Also, I was searching for "crushed" in translated Arabic texts and I found in Tafsir ibn Kathir:


تفسير ابن كثير said:


> قالوا: زعم صالح أنه يفرغ منا إلى ثلاثة أيام، فنحن نفرغ منه وأهله قبل ثلاث، وكان لصالح مسجد في الحجر عند شعب هناك يصلي فيه، فخرجوا إلى كهف، أي: غار هناك ليلاً، فقالوا: إذا جاء يصلي، قتلناه، ثم رجعنا إذا فرغنا منه إلى أهله ففرغنا منهم، فبعث الله عليهم صخرة من الهضب حيالهم، فخشوا أن تشدخهم، فتبادروا، فانطبقت عليهم الصخرة وهم في ذلك الغار...إلخ
> Source: http://www.altafsir.com/Tafasir.asp...No=53&tDisplay=yes&Page=2&Size=1&LanguageId=1



I also found the verb رضّ يرضّ used here:





تفسير ابن كثير said:


> وقيل: ثقيل وقت نزوله من عظمته، كما قال زيد بن ثابت رضي الله عنه: أنزل على رسول الله صلى الله عليه وسلم وفخذه على فخذي فكادت ترض فخذي.
> Source: http://www.altafsir.com/Tafasir.asp...hNo=1&tDisplay=yes&Page=2&Size=1&LanguageId=1


 Both of which qtafsir.com translates with "crush". However, ترض is translated by sunnah.com in this hadith by "fracture". http://sunnah.com/urn/42710
رض is also defined as الدق الجريش (coarse pounding?) by al-Lisan.

And speaking of rare unused verbs, I happened to come across داك يدوك as the next entry after داس يدوس. It is defined by al-Lisan as الدَّوْكُ: دق الشيء وسحقه وطحنه كما يَدُوك البعيرُ الشيء بكَلْكَلهِ. I guess this is as close to our desired meaning as we can get. The analogy is of something that gets crushed by a camel's chest when it sits on the ground. However, it is probably too archaic.

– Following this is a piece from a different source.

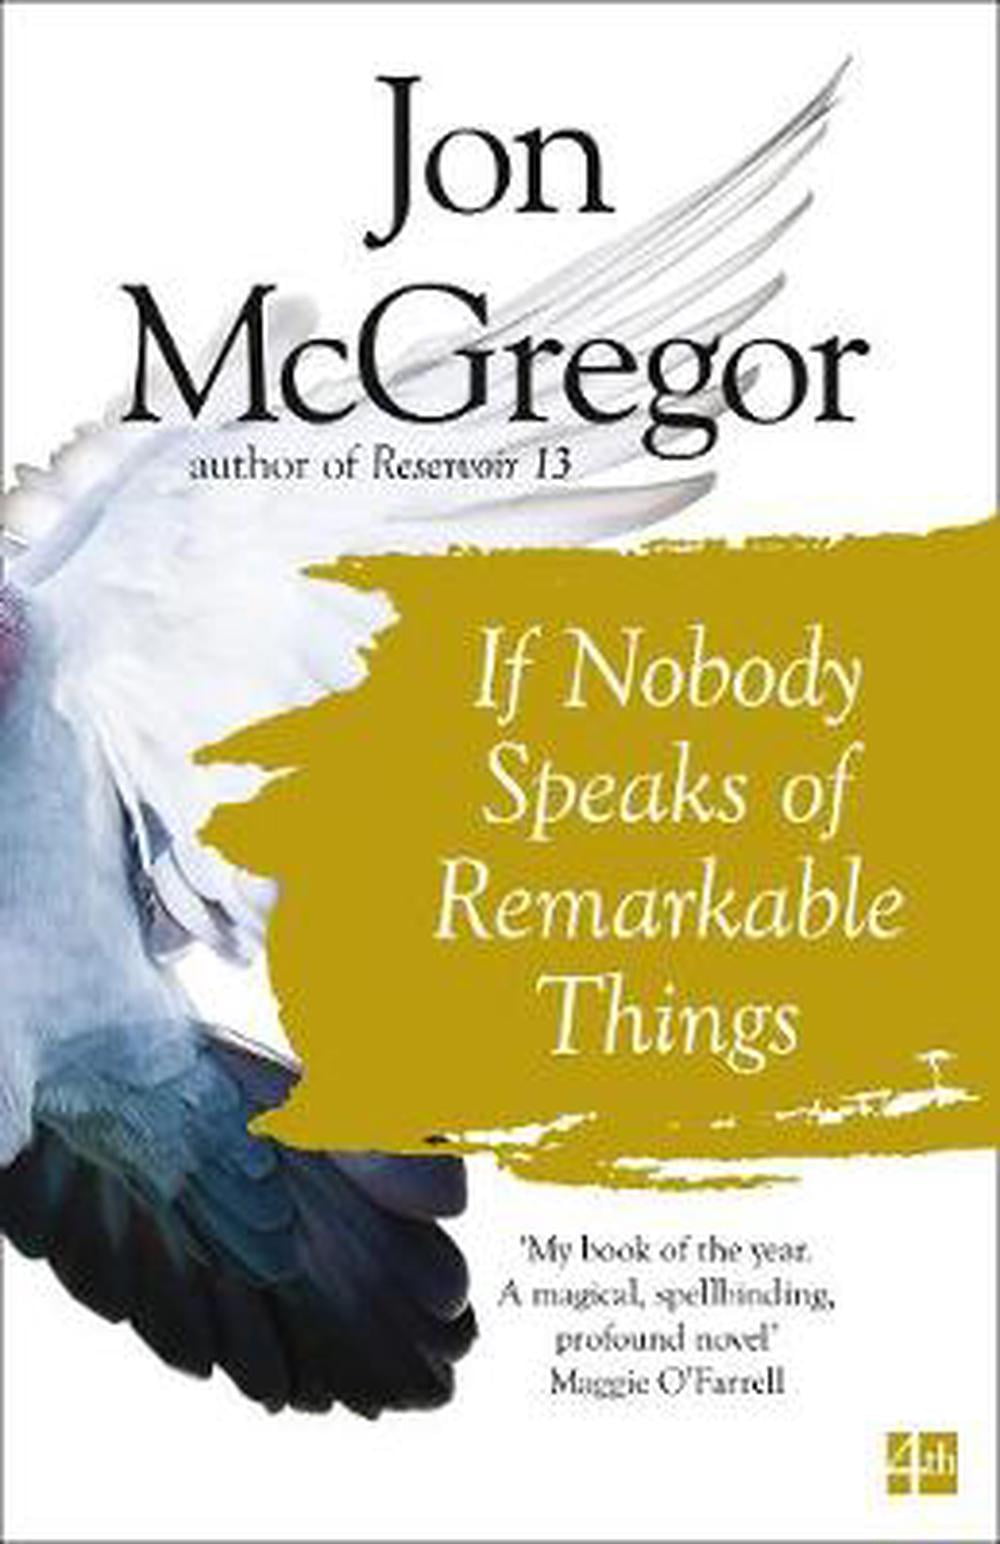 book review if nobody speaks remarkable things

However, I note that it too is defined by دق which seems like the most general verb used in the definitions.

Finally, I see أطبق used in the hadith when the Prophet صلى الله عليه وسلم went to aT-Taaif. It seems like it could be used in some situations but probably not for grapes.





			
				رياض الصالحين said:
			
		

> ... فنادانى فقال‏:‏ إن الله تعالى قد سمع قول قومك لك، وما ردوا عليك، وقد بعث إليك ملك الجبال لتأمره بما شئت فيهم فنادانى ملك الجبال، فسلم على ثم قال‏:‏ يا محمد إن الله قد سمع قول قومك لك، وأنا ملك الجبال، وقد بعثنى ربى إليك لتأمرنى بأمرك،فما شئت‏:‏ إن شئت أطبقت عليهم الأخشبين” ... إلخ
> Source: http://sunnah.com/riyadussaliheen/1#643



Sorry for the long post. Thanks for reading!


----------



## إسكندراني

I shall try to read your long post in detail, and see if I can help.
But regarding شدخ, I think that means 'scratch' (maybe it's Egyptian? I am not sure if it counts as MSA).


----------